The New England Journal of Medicine Study.  A far truer picture emerges in a landmark study published in the New England Journal of Medicine on April 18.  The study provides a far more comprehensive and reliable view of the current state of hospital community benefit investments. A team of researchers at Northeastern University, the University of Chicago, and the University of Michigan created a database consisting of more than 1,800 hospital tax filings – about 2/3 of all nonprofit hospitals that filed in 2009.

Instead of the misleading “benefits to the community” classification used by the AHA, the researchers followed the IRS classifications and determined that hospitals devoted 7.5 percent of their 2009 expenditures to community benefit. Like the AHA, the research team determined that the lion’s share of community benefit spending went to offset reported Medicaid losses (more than 45 percent of all community benefit expenditures), while 1.9 percent of total spending went to true charity care, that is, financial assistance to patients (as opposed to after-the-fact write-offs). Slightly more than 2.2 percent of total hospital spending – about 20 percent of all community benefit expenditures – went into other community benefits such as community health improvement.

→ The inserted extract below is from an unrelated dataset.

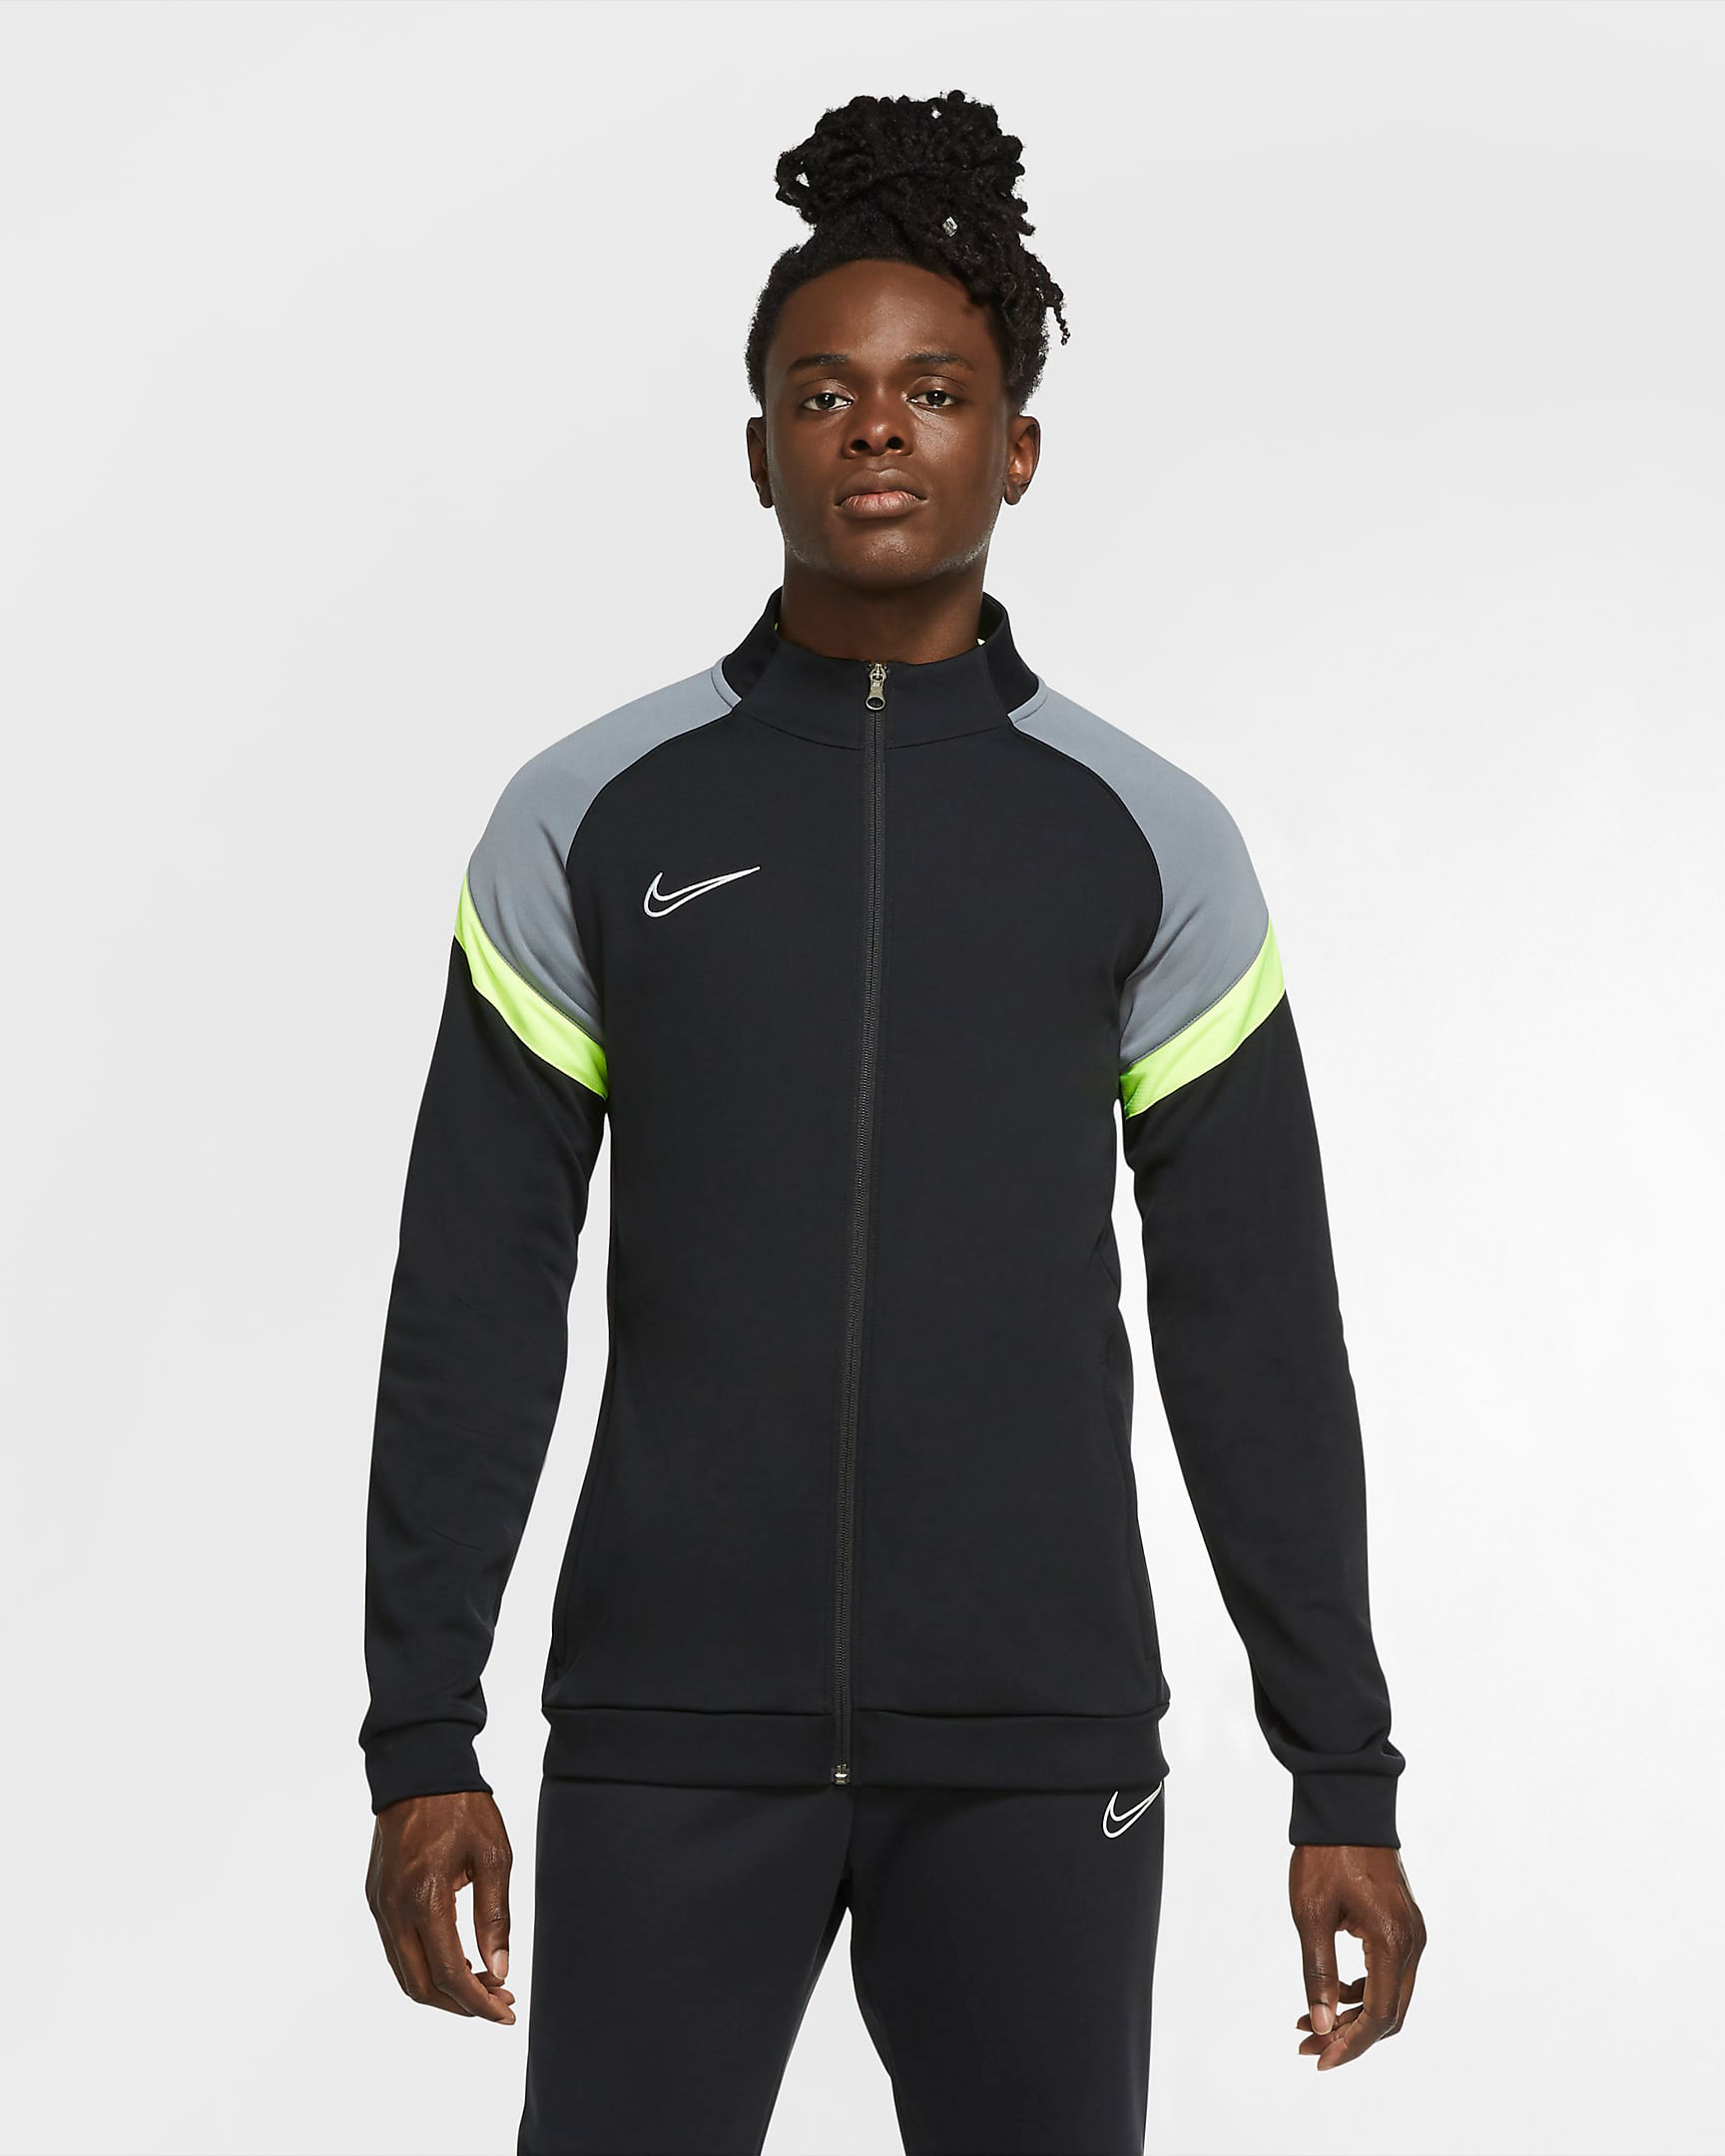 nike-air-max-95-neon-og-2020-track-jacket-2
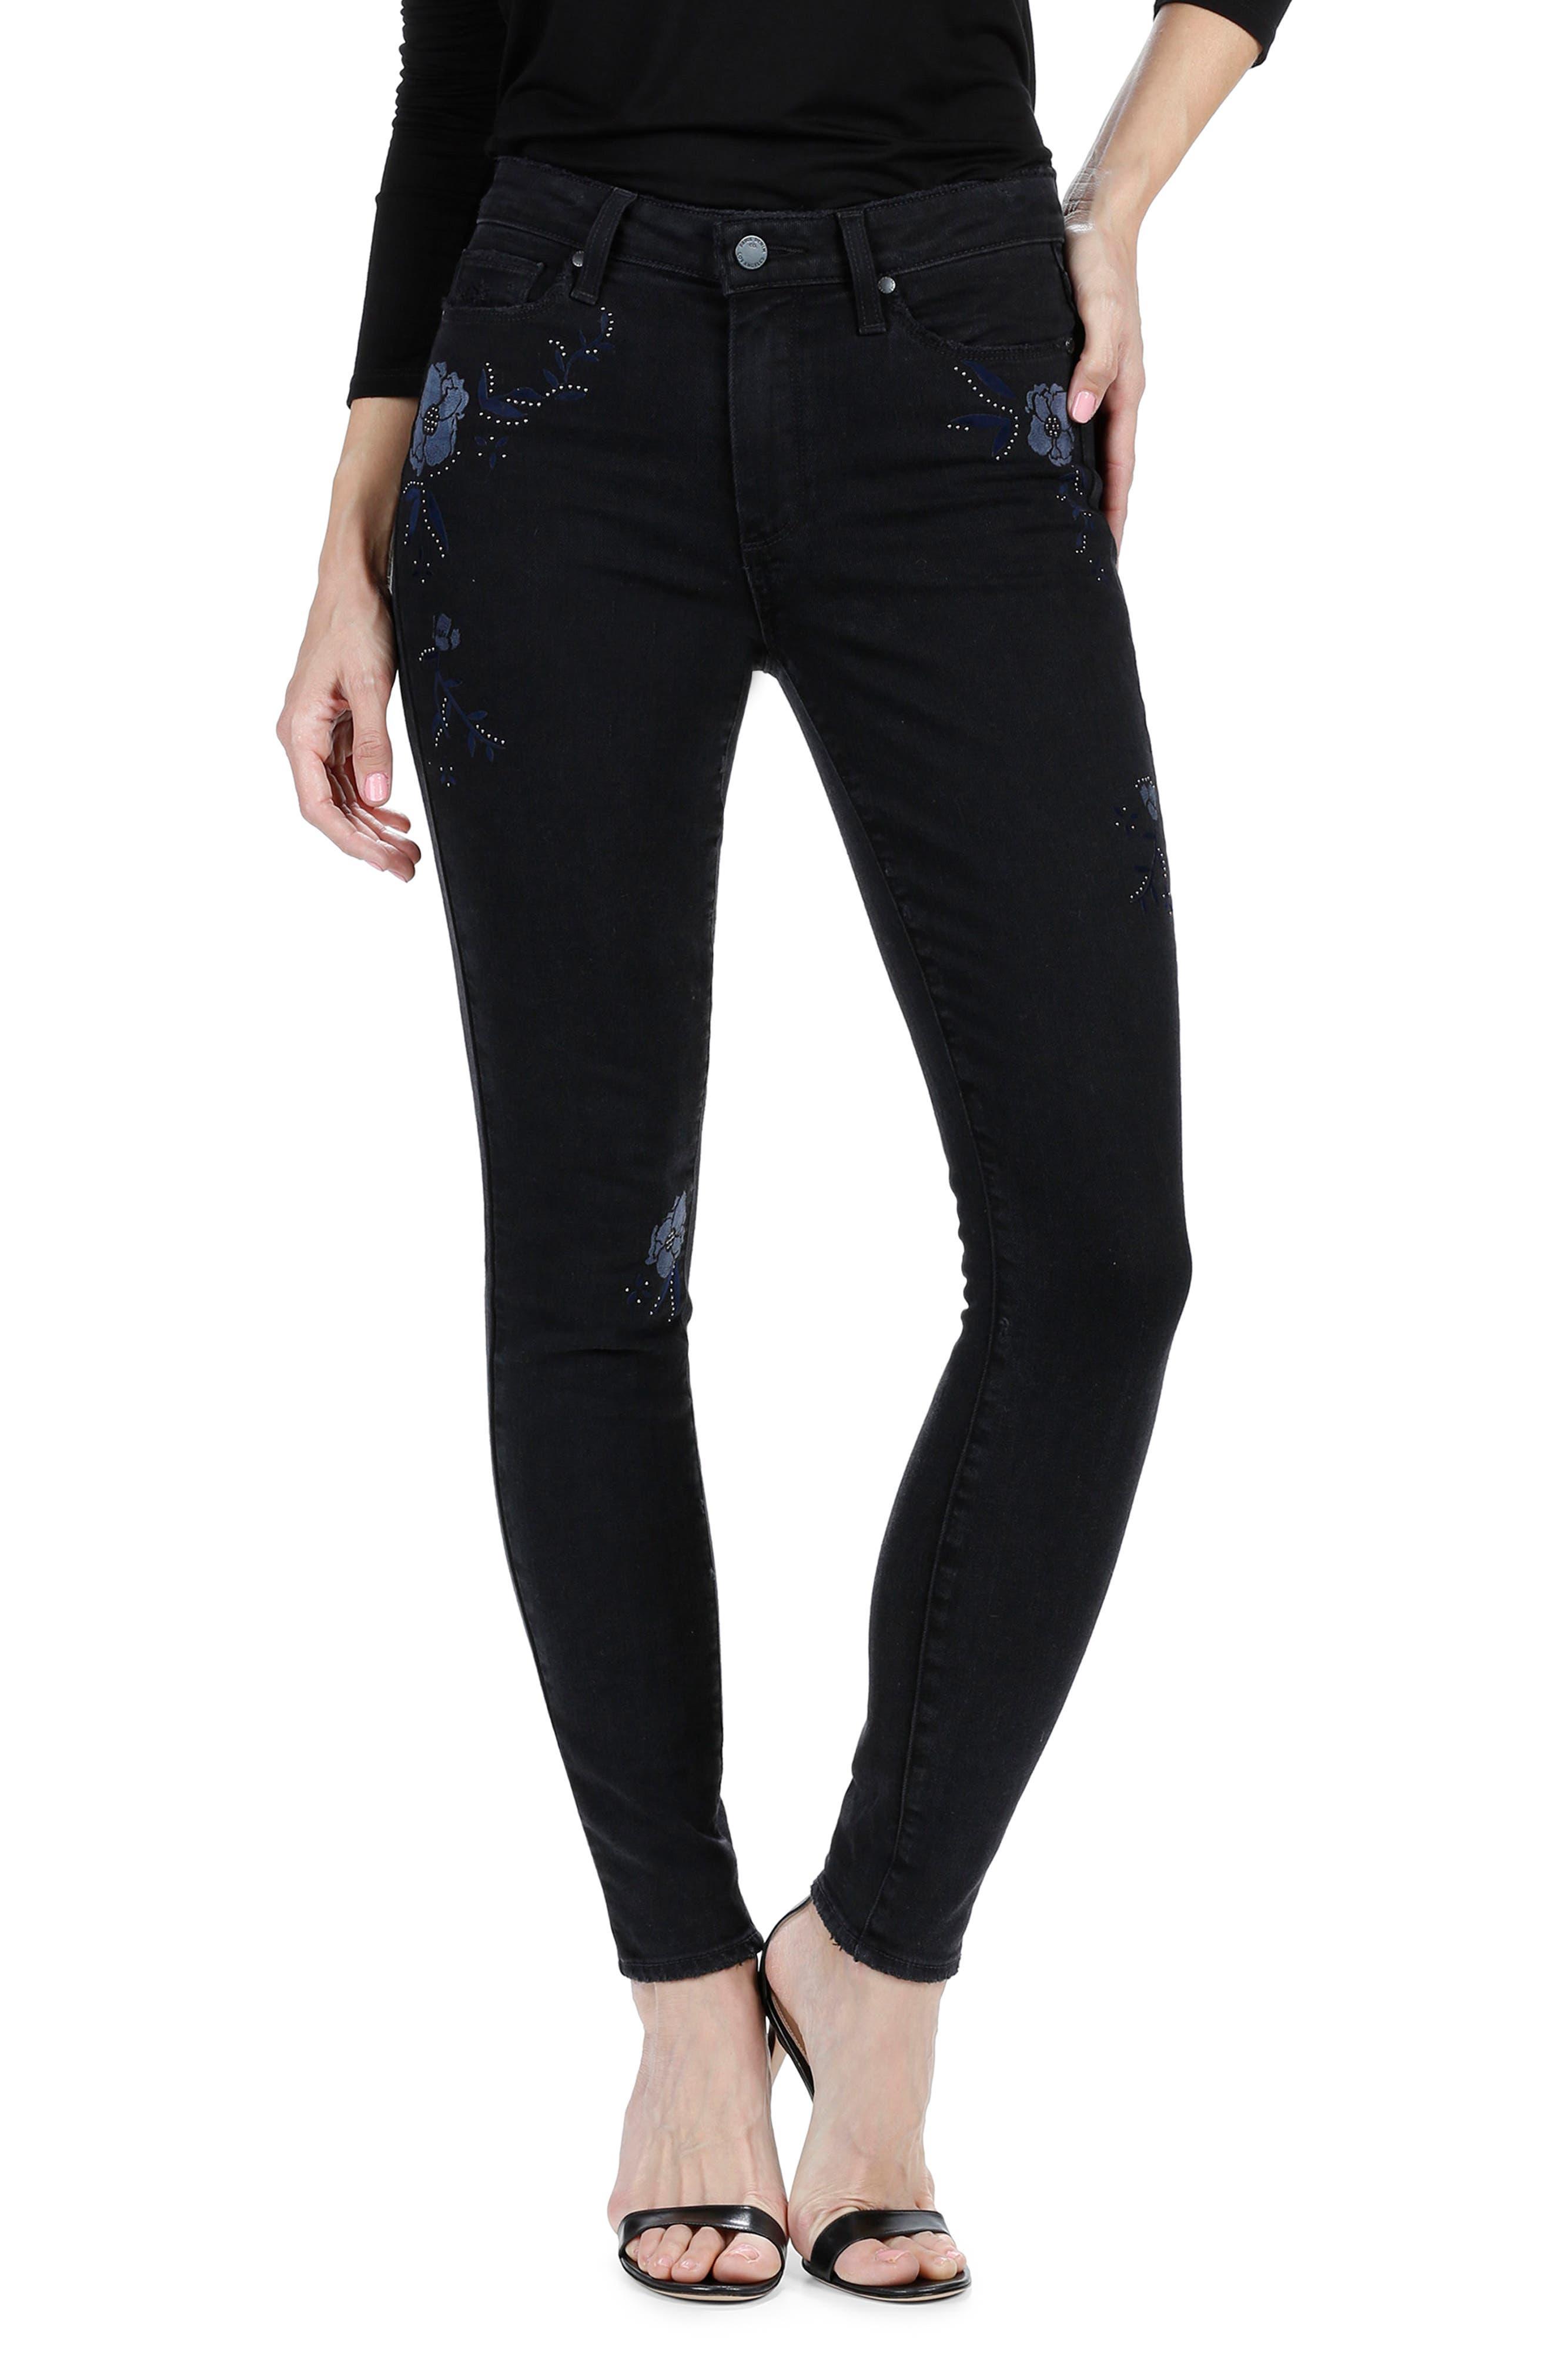 Hoxton High Waist Ultra Skinny Jeans,                         Main,                         color, Floral Noir

Furthermore, researchers concluded, the level of community benefit expenditures ranged wildly, and these wild swings could not be explained by the underlying level of community poverty, profitability, or lack of health insurance among community residents.  Strikingly, only the simple presence of at least some level of state reporting law explained the difference in expenditure levels.

Looking Behind The Future Numbers

The New England Journal of Medicine study, the first to impartially utilize Schedule H to produce robust nationwide findings on hospitals’ community benefits, offers crucial insight into hospital investment patterns and the factors that may – or may not – spur hospital investments in their communities. This study hopefully will lead to many more examining investment patterns in a more detailed manner and on an ongoing basis, as the ACA’s CHNA provisions take full effect in the 2012 tax year. The paradoxical appearance of the AHA study and the New England Journal of Medicine study in the same week also drives home the unmatched value of rigorous and impartial research that adheres to official reporting standards rather than manufactured definitions of what constitutes a community benefit.

The New England Journal of Medicine article should also demonstrate the importance of more transparency around Schedule H. It is a truly fortunate thing that a group of acclaimed researchers came together to produce real knowledge for policymaking. But it is unfortunate that despite the existence of Schedule H, with its wealth of information about hospital investments and accountability, ordinary communities really have no way to gain access to the information unless they are fortunate enough to have a well-funded research group at their disposal to replicate an entire evidentiary database, merge that database with other key information (such as geographic information on poverty and health insurance coverage) and produce useful information about the performance of community hospitals. When information like this is freely available to communities across the country, we will know that we have advanced in the quest for health information transparency.